Monday, October 5, 2020 - 07:15

Nala Rogers, Staff Writer

(Inside Science) -- The 2020 Nobel Prize in physiology or medicine has been awarded to three scientists "for the discovery of Hepatitis C virus."

The prize goes jointly to Harvey J. Alter of the National Institutes of Health, Michael Houghton of the University of Alberta, and Charles M. Rice of the Rockefeller University in New York.

Hepatitis B and C are bloodborne diseases that can cause cirrhosis and cancer of the liver, leading to death or the need for liver transplants. Both are caused by viruses that can hide in the body for months or years without causing symptoms, which made them difficult to discover. In the mid-20th century, a large fraction of patients who received blood transfusions later developed hepatitis.

Baruch S. Blumberg discovered the hepatitis B virus in 1967, and soon afterward developed tests to screen blood samples for the virus and a vaccine to prevent infection. He won the Nobel Prize in physiology or medicine for his work in 1976. But it soon became clear that only some of the hepatitis infections from blood transfusions were caused by the hepatitis B virus.

Alter and his colleagues focused on the remaining cases of transfusion-related hepatitis. In the 1970s, they showed that blood from hepatitis patients could transmit the mysterious disease to chimpanzees, proving that the illness was caused by an infectious agent. The researchers later determined that this agent was an unknown virus.

In the late 1980s, Michael Houghton discovered the virus itself while working at the pharmaceutical firm Chiron. He used antibodies from hepatitis C patients as detection tools to identify sequences of the virus's DNA, which he cloned from DNA fragments in the blood of an infected chimpanzee. Charles M. Rice at Washington University in St. Louis and his colleagues then used genetic engineering to demonstrate that the virus Houghton discovered could, on its own, cause the disease hepatitis C.

"This was the first time these types of molecular-based approaches were used to identify a novel virus," said Gunilla Karlsson-Hedestam, an immunologist and member of the Nobel committee, during a press conference.

The discoveries of this year's winners led to tests that cleaned the blood supply, preventing nearly all cases of hepatitis from transfusions.
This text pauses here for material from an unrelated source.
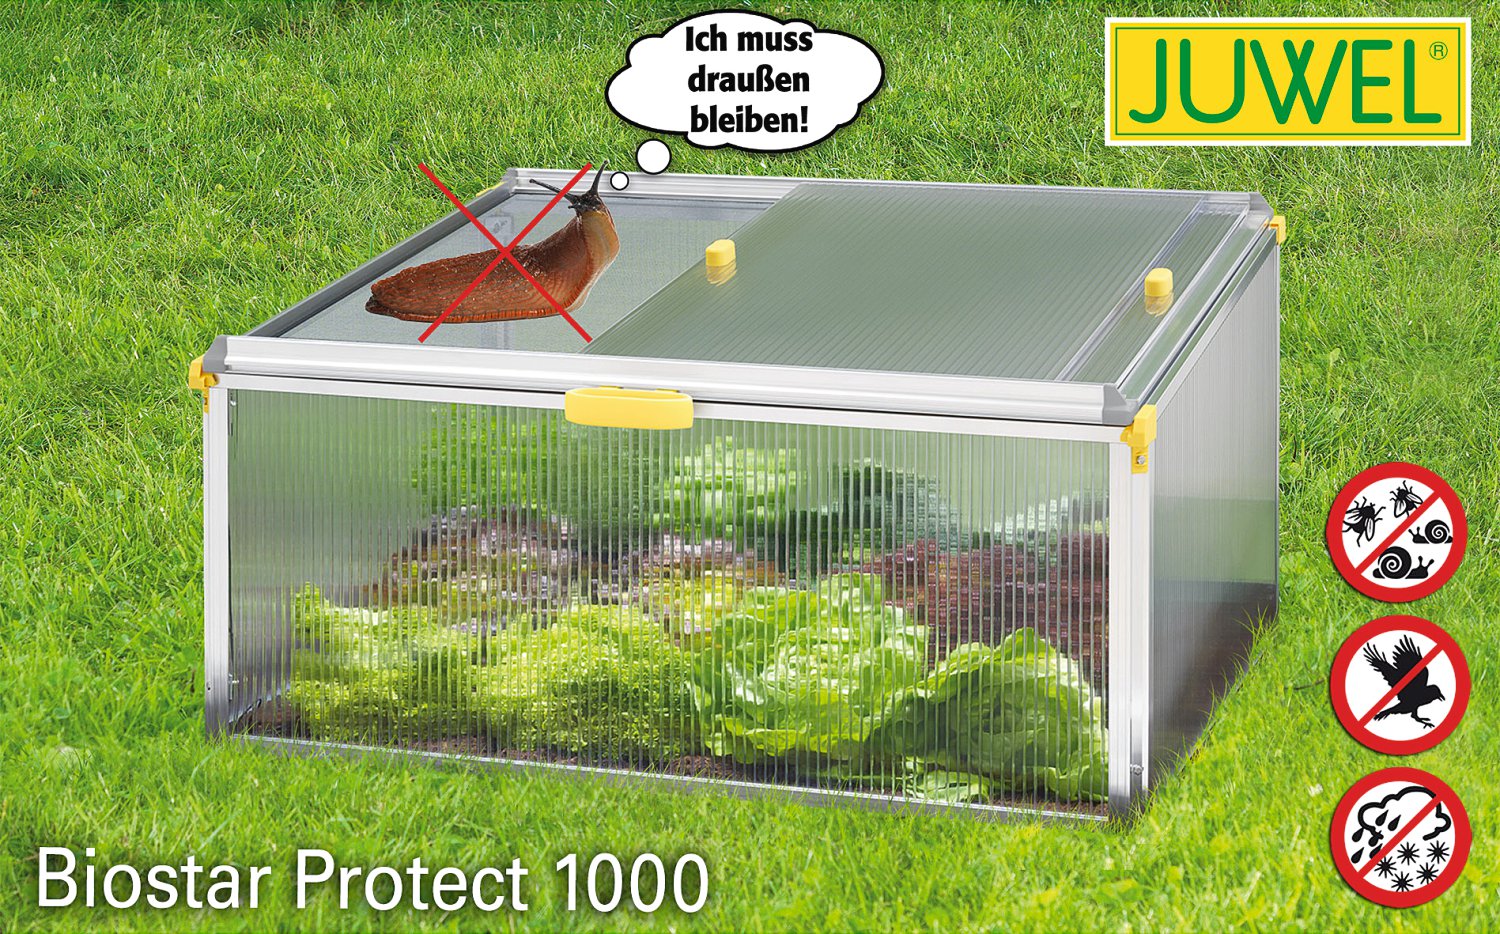 JUWEL Ganzjahres-Beetsystem BIOSTAR PROTECT 1000

It also led to the development of antiviral drugs that can cure the disease in the vast majority of patients.

"These developments have saved millions of lives worldwide," said Karlsson-Hedestam. "Continued efforts to implement blood screening and treatments globally raise hope that hepatitis C virus can be controlled and eventually eliminated."

 

For more of Inside Science's coverage of the 2020 Nobel Prizes in physiology or medicine, physics and chemistry, please visit our Nobel coverage page. For our predictions of the Nobel Prizes in physics and chemistry (and to review our physiology or medicine picks), please read our predictions story.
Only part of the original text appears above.